There’s a reason that the asset management industry and hedge funds haven’t all left the City of London. The industry has had a huge say in European regulation.
Twenty-five percent of them left within nine months of AIFMD (the Alternative Investment Fund Managers Directive, Europe's most recent piece of hedge fund regulation).
Of all hedge funds?
Yep, hedge funds, managed funds. Off they went, of course they did.
It was remarkable that the EU’s response to the credit crisis was to put in place regulation of hedge funds, which didn’t issue or use credit other than day trading. AIFMD was a very badly-timed piece of legislation and it showed the dangers of not being in control of your own life and your own industry.
I believe in competition. The idea of creating everything the same, over a broad area is actually fundamentally anti-competitive if you believe in tax competition and regulatory competition, which I most certainly do. Actually, where there are differences between things, it creates more business, not less business.

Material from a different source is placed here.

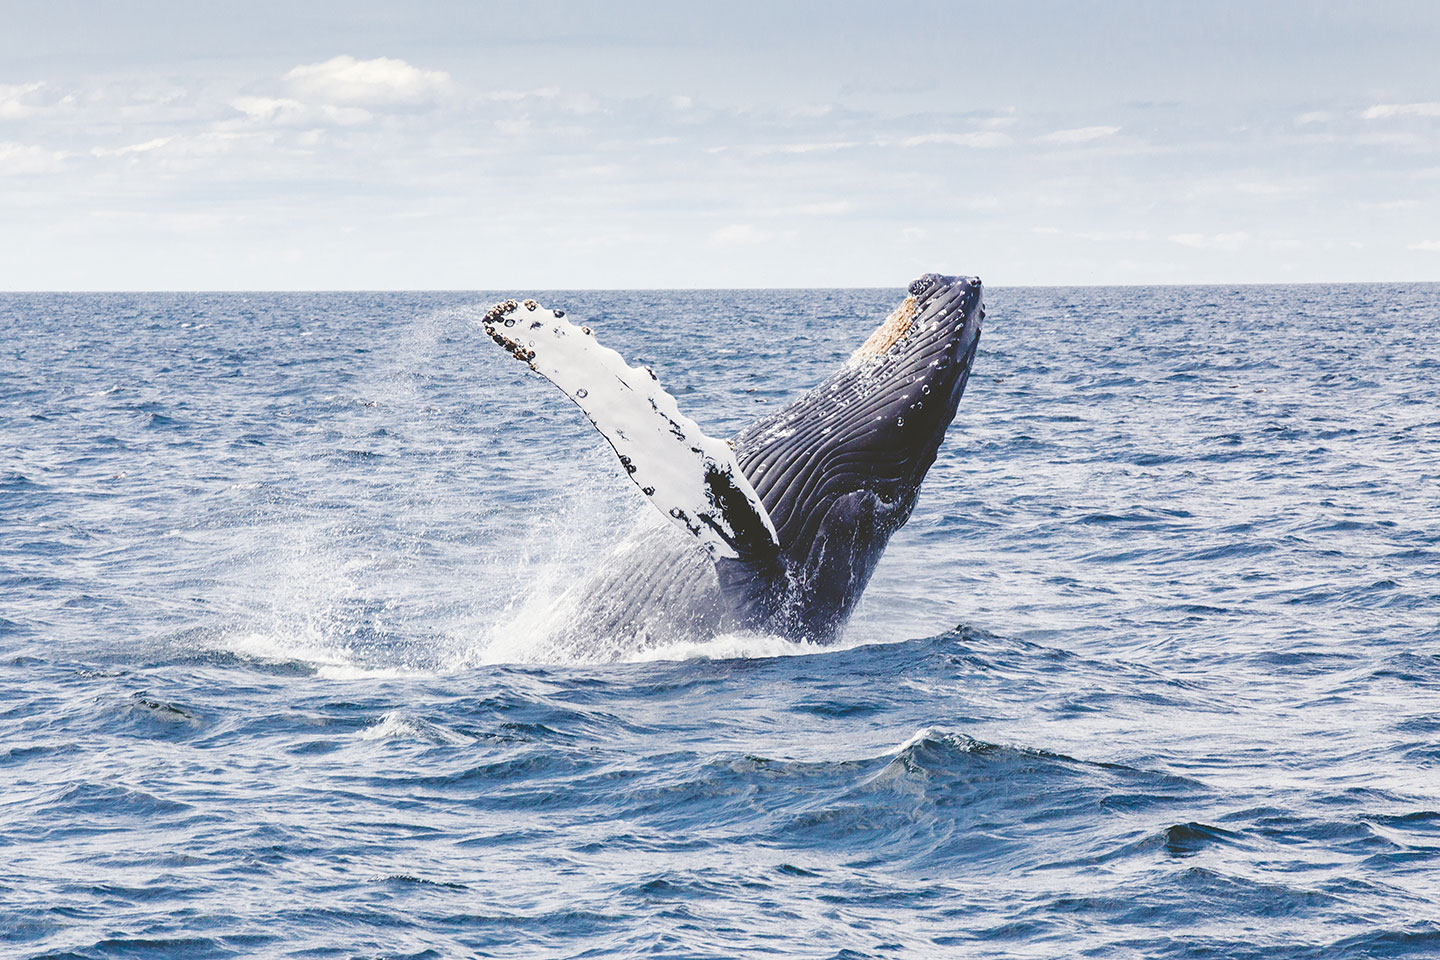 A humpback whale cresting

Paint a picture of the financial services industry as a whole in five or ten years from now.
Well if Britain goes global it’ll be a damn sight bigger than it is now!
With this, the Brexiter abruptly fled the interview after less than five minutes for the safety of three men waiting patiently nearby to take selfies with him.

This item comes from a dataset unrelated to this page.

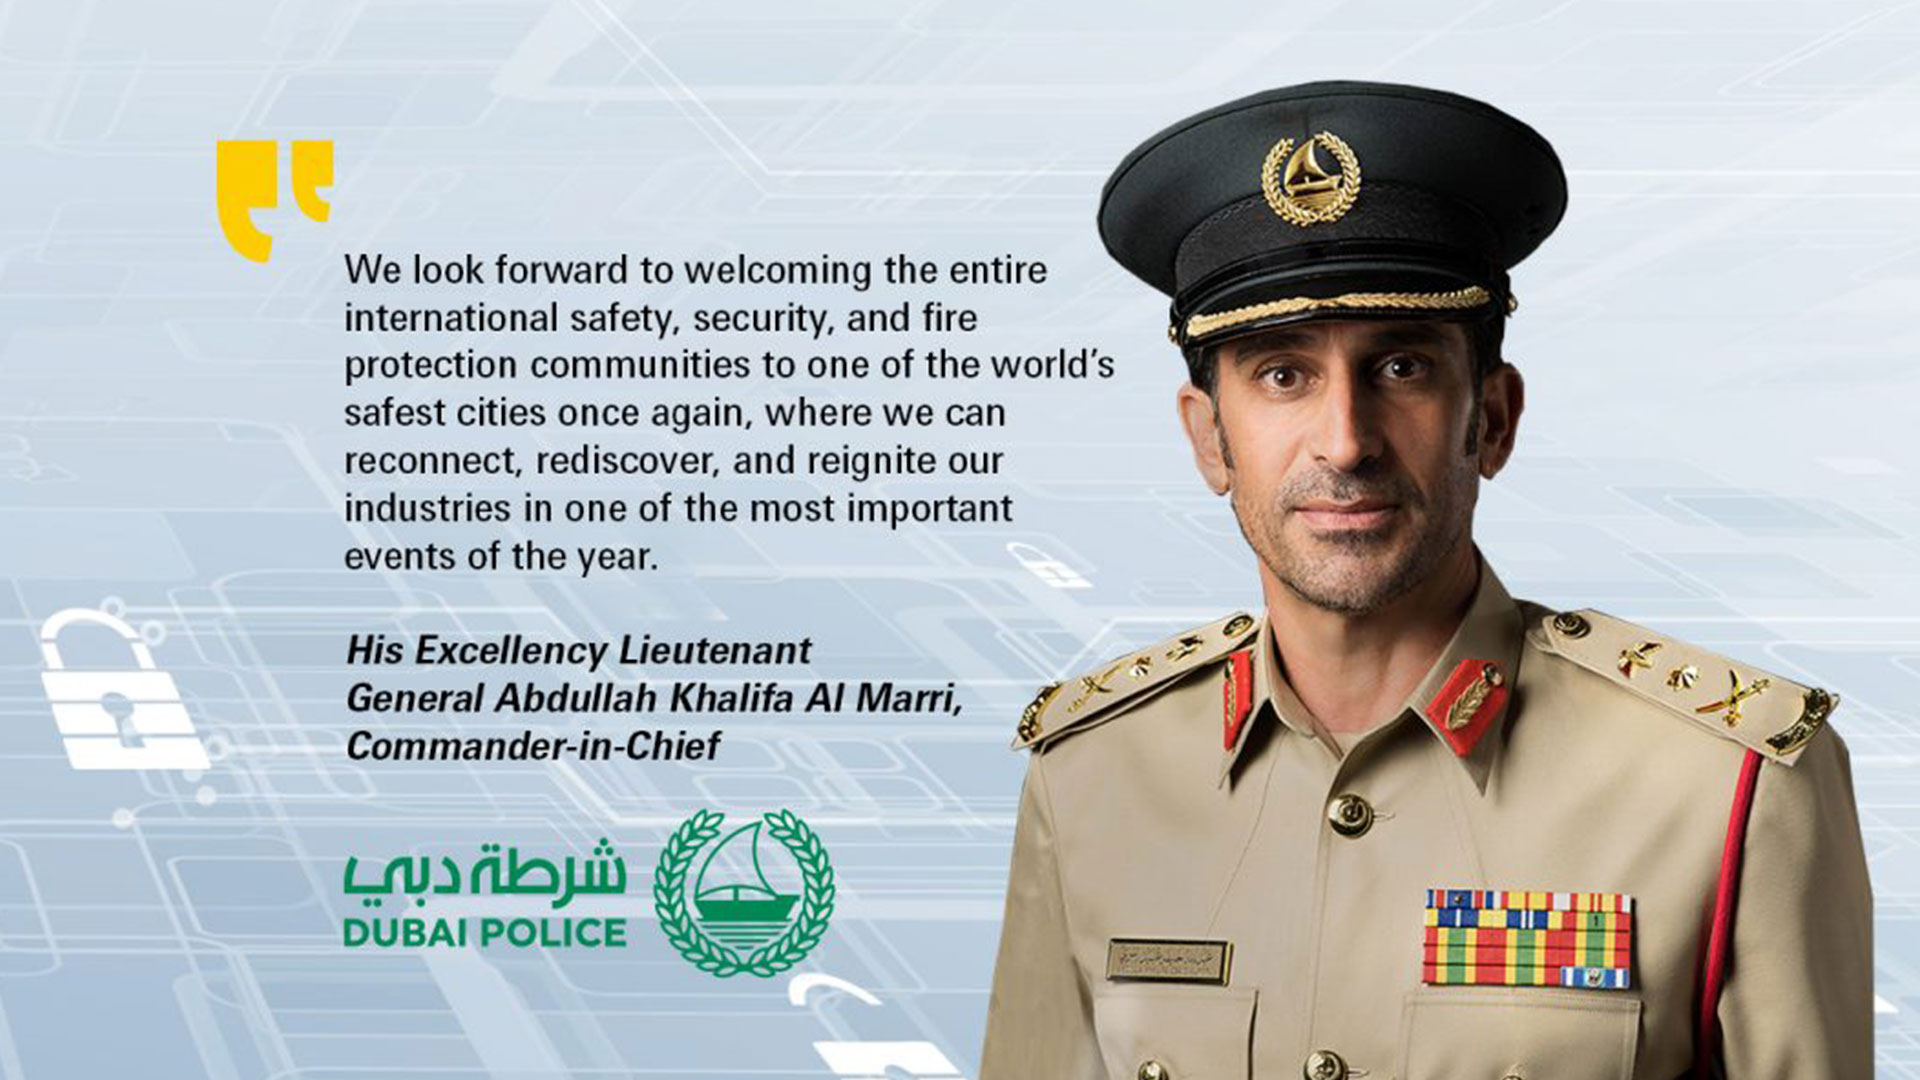 His Excellency Lieutenant General Abdullah Khalifa Al Marri

I spot him later on the venue's sunny terrace, smiling as he lights a cigarette and enjoys the view of lake and mountains.
For Farage, who has devoted the last 20 years to getting Britain out of what he referred to in his remarks as «that corrupt union», the campaign has ended. For the City of London, it is about to begin – without him.
Nigel Farage, who turns 53 on Monday, is best known for co-founding the anti-European Ukip, or the U.K. Independence Party. In 1982, he eschewed University for the City of London, where he began trading commodities. A member of the European parliament since 1999, Farage worked for Drexel Burnham Lambert and Refco during his financial career. His connection to the City has faded with the rise of Ukip, which he led from 2006 to 2009 and again from 2010 to last year. He was branded a coward when he stepped down last June following a successful campaign for Britain to leave the European Union. Britain triggered the formal two-year process to leave the bloc on March 29, 2017.